11/12/2004|||110027202753184299||||||THE VIEW FROM CENTRAL COMMAND
George Will, visiting the HQ in Tampa, gets an overview from Gen John Abizaid and his staff (registration required):
"Officers here believe that the problem of foreign fighters in Iraq has been vastly exaggerated -- that only a few hundred of 10,000 people detained in Iraq are foreigners. In Fallujah, a Darwinian dynamic may be at work -- survival of the most dangerous. That is, many insurgents fled before the Marines came, while the stupid ones stayed. The core of the insurgency -- former regime elements -- may include a few who want to return to the good old days of the 7th century but many more who want to return to the good old days of power in Baghdad and shopping at Harrods in London.

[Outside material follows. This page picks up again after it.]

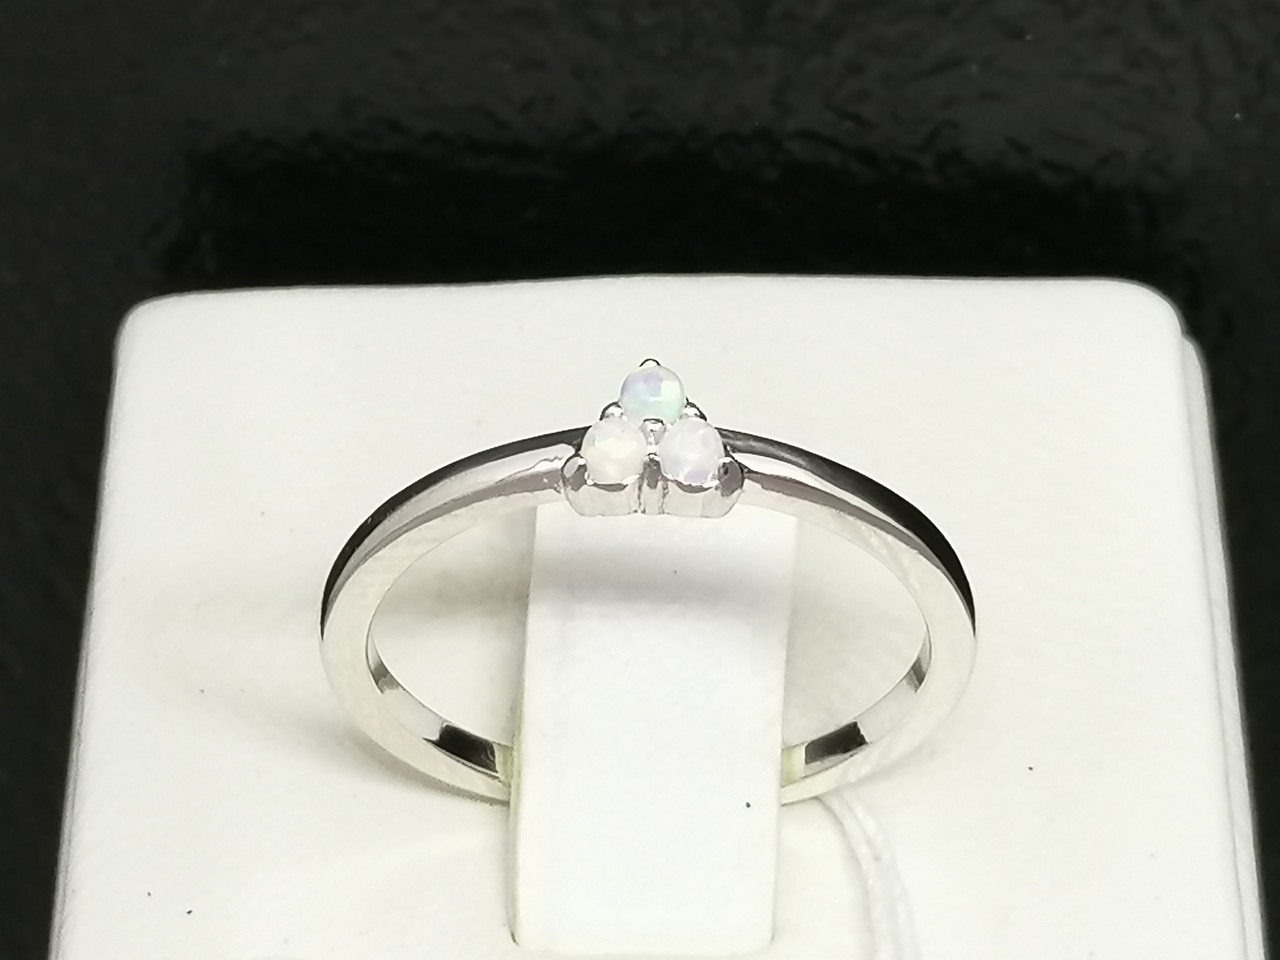 Серебряное кольцо с опалом. Артикул К2ОПБ/1337 16,5

"Abizaid believes that radical Islam today is roughly akin to Bolshevism in 1890 and fascism in 1920 -- there is time to stop its rise, but it must be stopped. Military success is certain. The enemy dare not mass. In Vietnam, U.S. battalions suffered defeats. In Iraq, there has been no platoon-size defeat, and regular U.S. infantry units perform tasks that would have called for Delta Force skills a decade ago.
"...Success in Iraq, people here believe, is contingent on three ifs: if Iraqi military and security forces can stay intact during contacts with the insurgents; if insurgents are killed in sufficient numbers to convince the Sunni political class that it must invest its hope in politics; and if neighboring states, especially Syria, will cooperate in slowing the flow of money and other aid to the insurgency. If so, then the United States can -- this is the preferred verb -- "stand up" an Iraqi state and recede from a dominant role."